FPWA Analysis

New York City’s fiscal year 2023 adopted budget achieves gains for human services

Total funding remains below last year levels amid falling federal funding

On June 13, 2022, the New York City Council passed its budget for fiscal year 2023. The adopted budget commendably restores a significant portion of the funding that was cut from the city’s human services agencies in the Mayor’s fiscal year 2023 executive budget. Increased human services funding accounts for nearly two-thirds of the total change between the executive and adopted budgets. The New York City Council deserves credit for fighting to restore human services funding for fiscal year 2023. At the same time, federal fiscal cliffs and looming budget gaps have resulted in lower total funding for human services. The Administration and Council must be vigilant that human services, which supported the New Yorkers hit hardest by the pandemic, remain fully funded amid these mounting pressures.

Restored funding, new initiatives

The adopted budget added $938.9 million to the human services funding proposed in the executive budget, pushing fiscal year 2023 human services funding above the level adopted by the 2022 budget.
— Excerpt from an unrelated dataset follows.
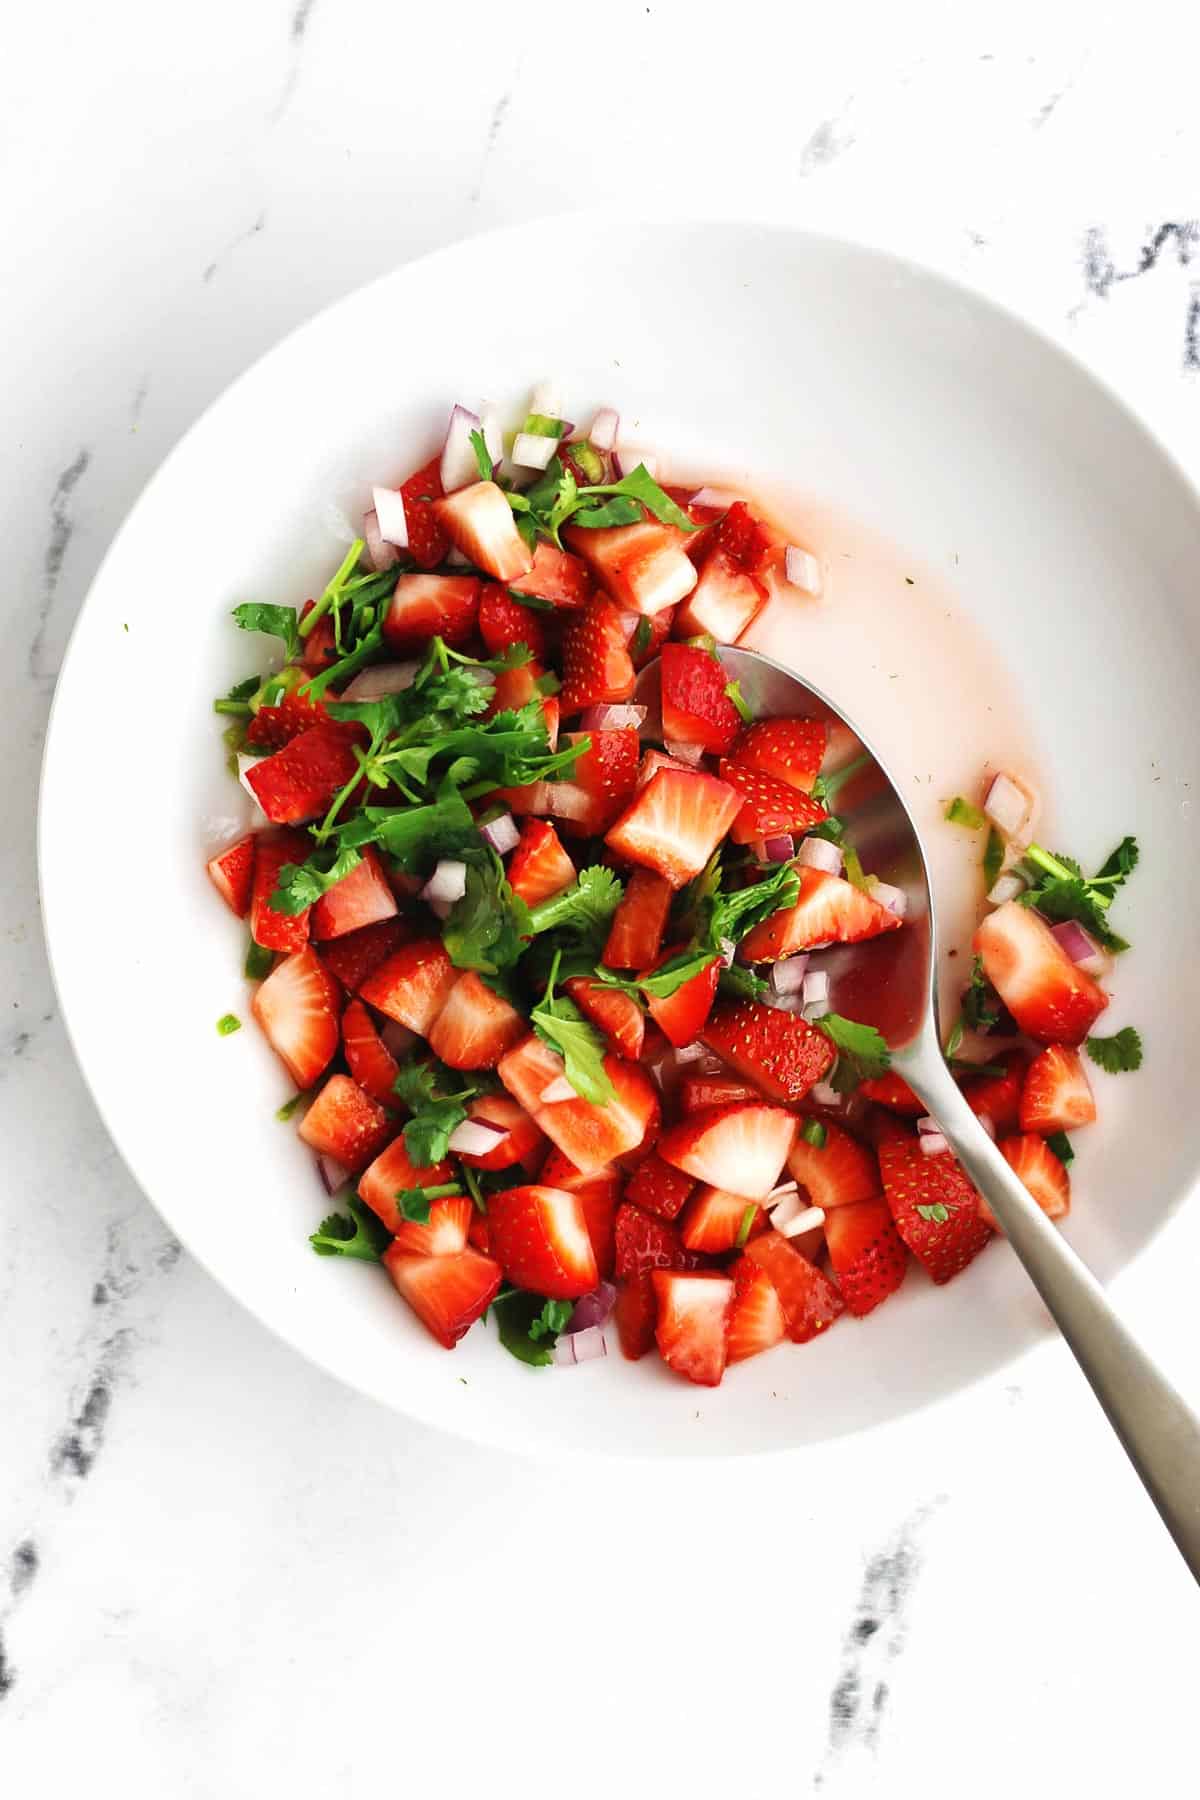 Strawberry pico de gallo in a white bowl with a silver spoon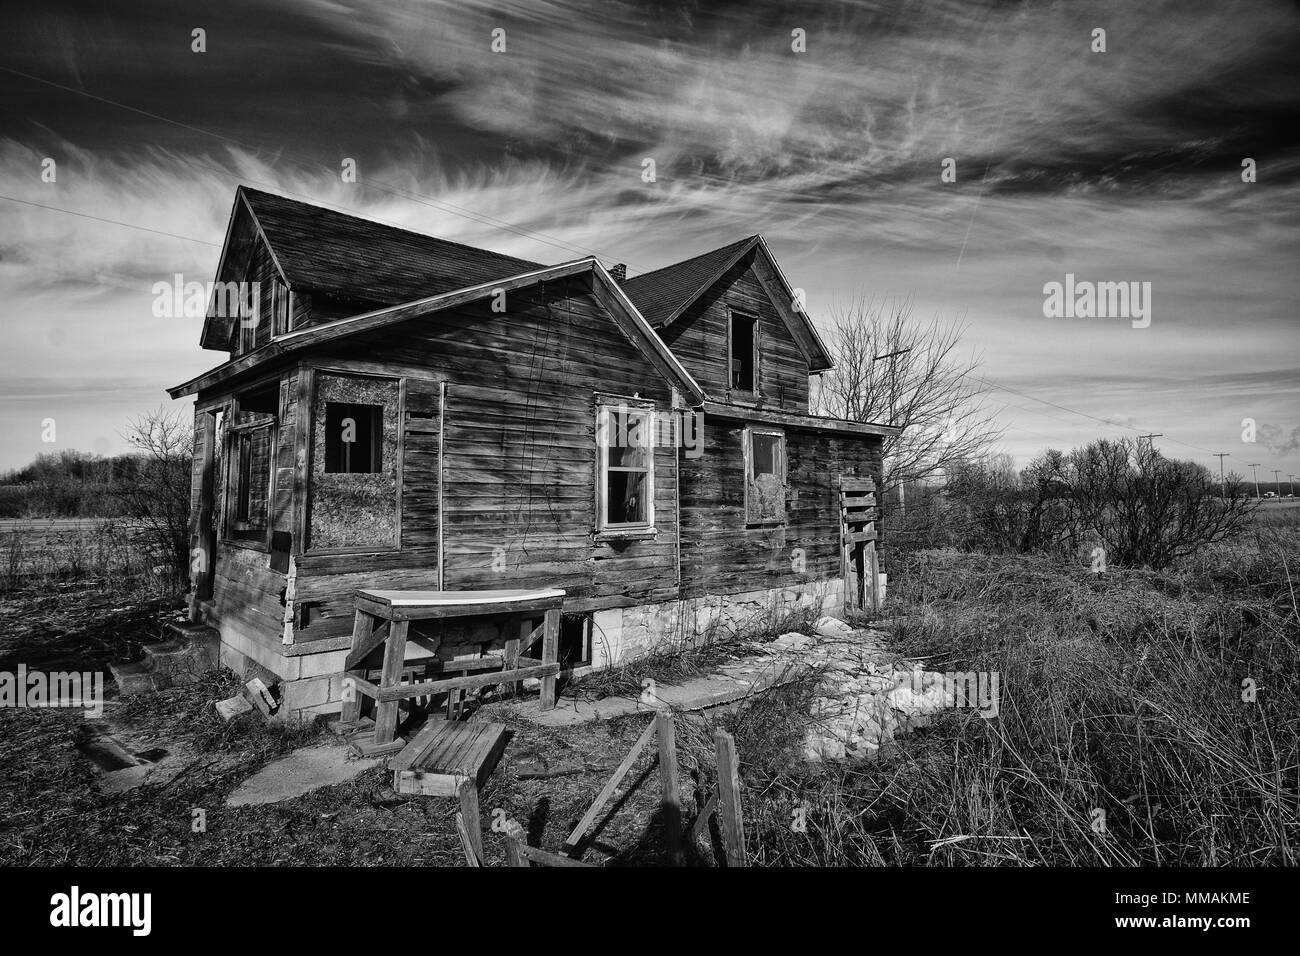 Fotografía en blanco y negro de una antigua casa de granja abandonada de miedo que se está deteriorando con el tiempo y el abandono. Foto de stock

All eight human services agencies monitored by FPWA’s Federal Funds Tracker saw funding increases from the fiscal year between the executive and adopted budgets, with the largest gains for the Department of Social Services (DSS), Department of Youth and Community Development (DYCD), and Department of Health and Mental Hygiene (DOHMH).

This funding will allow the city to expand human services initiatives, including:

  • Summer Rising: $277 million in funding for elementary and middle-school summer enrichment
  • Summer Youth Employment Program: $79.4 million for summer jobs for older youth
  • Cost of living adjustments: $60 million for human services workers and $46 million for special education and day care providers.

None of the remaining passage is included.